You are on page 1of 2

Imputation

Editing is of little value to the overall improvement of the actual survey results, if no corrective action is taken when items fail to follow the rules set out during the editing process. When all of the data have been edited using the applied rules and a file is found to have missing data, then imputation is usually done as a separate step. Non-response and invalid data definitely impact the quality of the survey results. Imputation resolves the problems of missing, invalid or incomplete responses identified during editing, as well as any editing errors that might have occurred. At this stage, all of the data are screened for errors because respondents are not the only ones capable of making mistakes; errors can also occur during coding and editing. Imputation procedures are designed to fill in the gaps. So, changes are made to the minimum number of fields until the completed record passes all of the edits. When these errors are detected, values for invalid, missing or incomplete entries are imputed or replaced with appropriate values, and answers are provided for non-response questions. This procedure is best accomplished by those with full access to the microdata and in possession of good auxiliary information. The imputation procedures are decided upon during the planning and development stages of a survey. Some problems are eliminated earlier through contact with the respondent or by manually studying the questionnaire, but it is generally impossible to resolve all problems due to concerns of response burden, cost and timeliness. Thus, the imputation procedure is used to handle the remaining edit failures. Although imputation can improve the quality of the final data, care must be taken to choose an appropriate imputation methodology. Some methods of imputation do not preserve the relationship between variables. In fact, some can actually distort the underlying distributions. There are several approaches to consider when imputing data. Usually, deductive imputation is the first method used. This method can be completed during the collection, capture, editing, or later stages of data processing. Deductive imputation is used when there is only one possible response to the question (e.g., all the values are given but the total or subtotal is missing). Some other types of imputation methods include:

substitution relies on the availability of comparable data. Imputed data can be extracted from the respondent's record from a previous cycle of the survey, or the imputed data can be taken from the respondent's alternative source file (e.g. administrative files or other survey files for the same respondent). This is often difficult to do because, in many cases, there is no other information available than the information provided in the current survey. estimator uses information from other questions or from other answers (from the current cycle or a previous cycle), and through mathematical operations, derives a plausible value for the missing or incorrect field.

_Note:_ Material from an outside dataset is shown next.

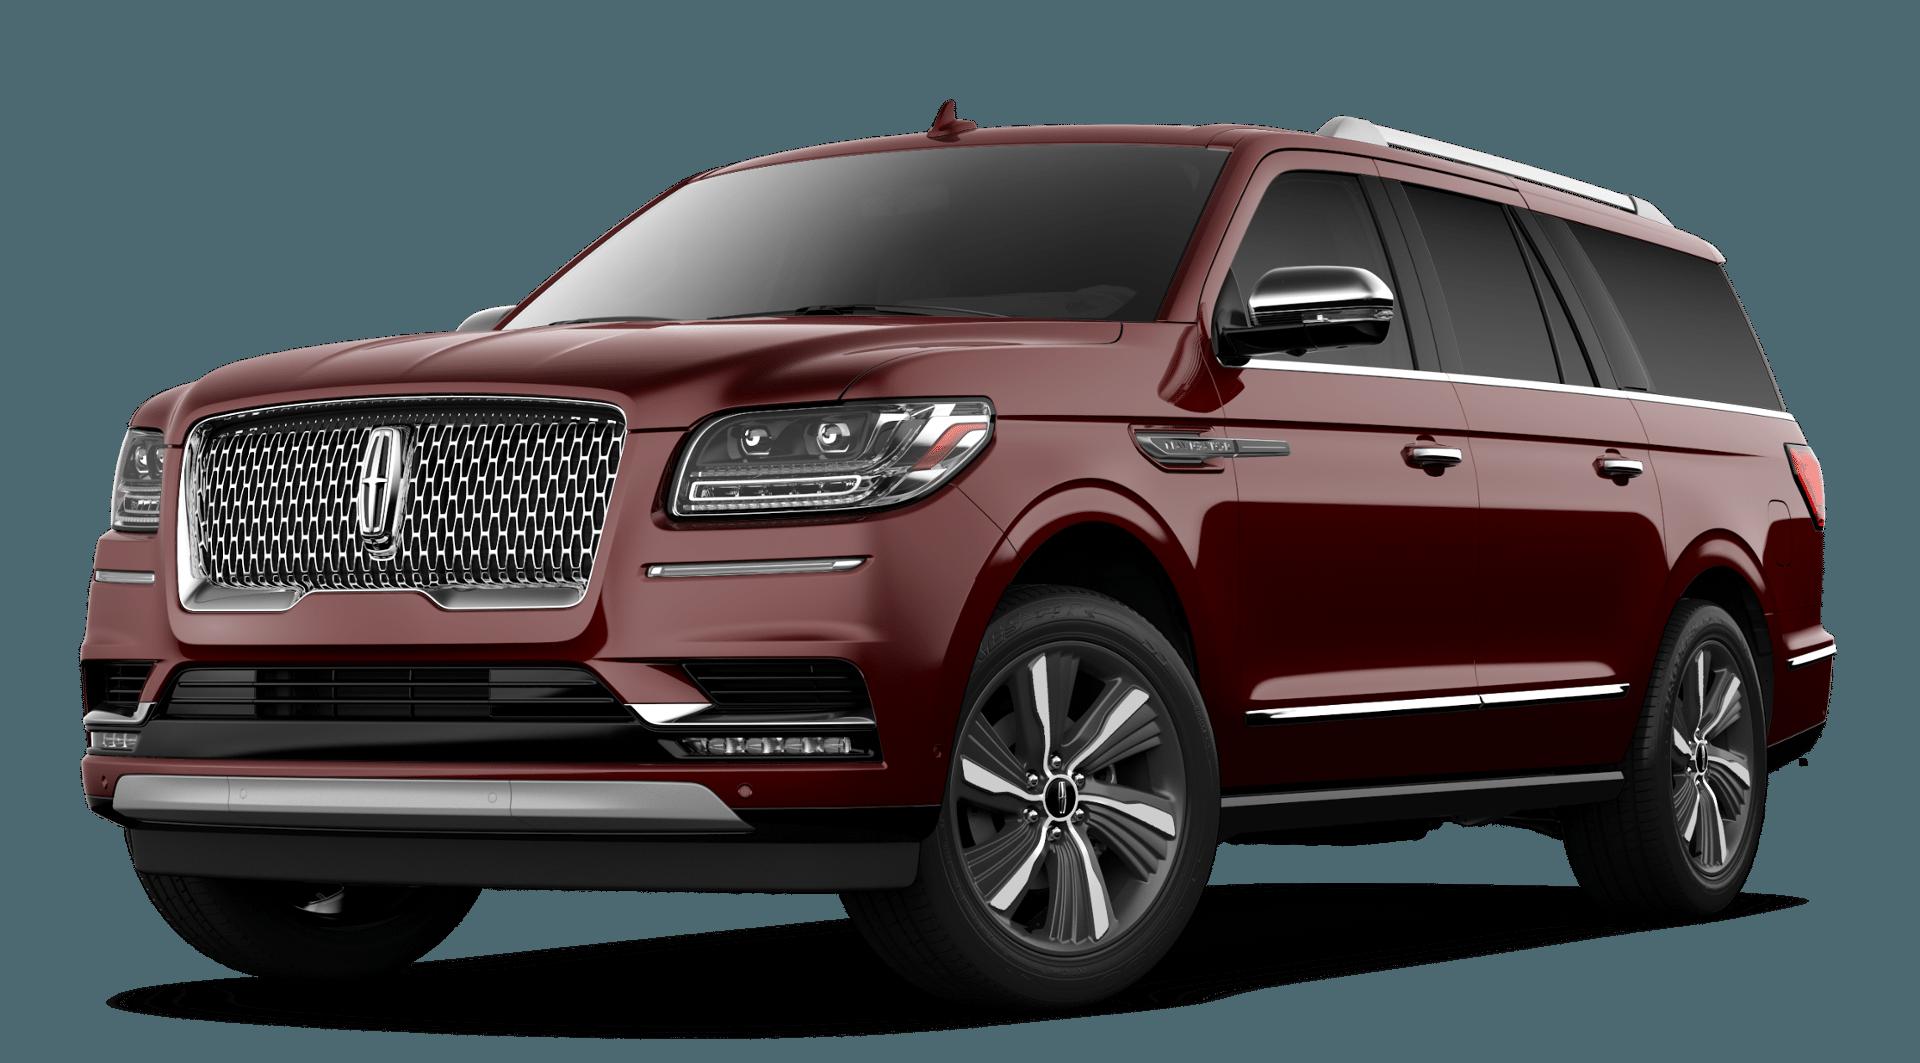 2019 Lincoln Navigator Build Price Lincoln Navigator New

The simplest of the estimator methods is the mean imputation. With this approach, a missing field is filled with the average value from the responding units with the same set of predetermined characteristics. For example, if a record is missing a total number for an individual's yearly income, then we could impute the recorded average income in that individual's province for the same occupation with the same level of experience as the respondent. There are other, more sophisticated estimator methods available.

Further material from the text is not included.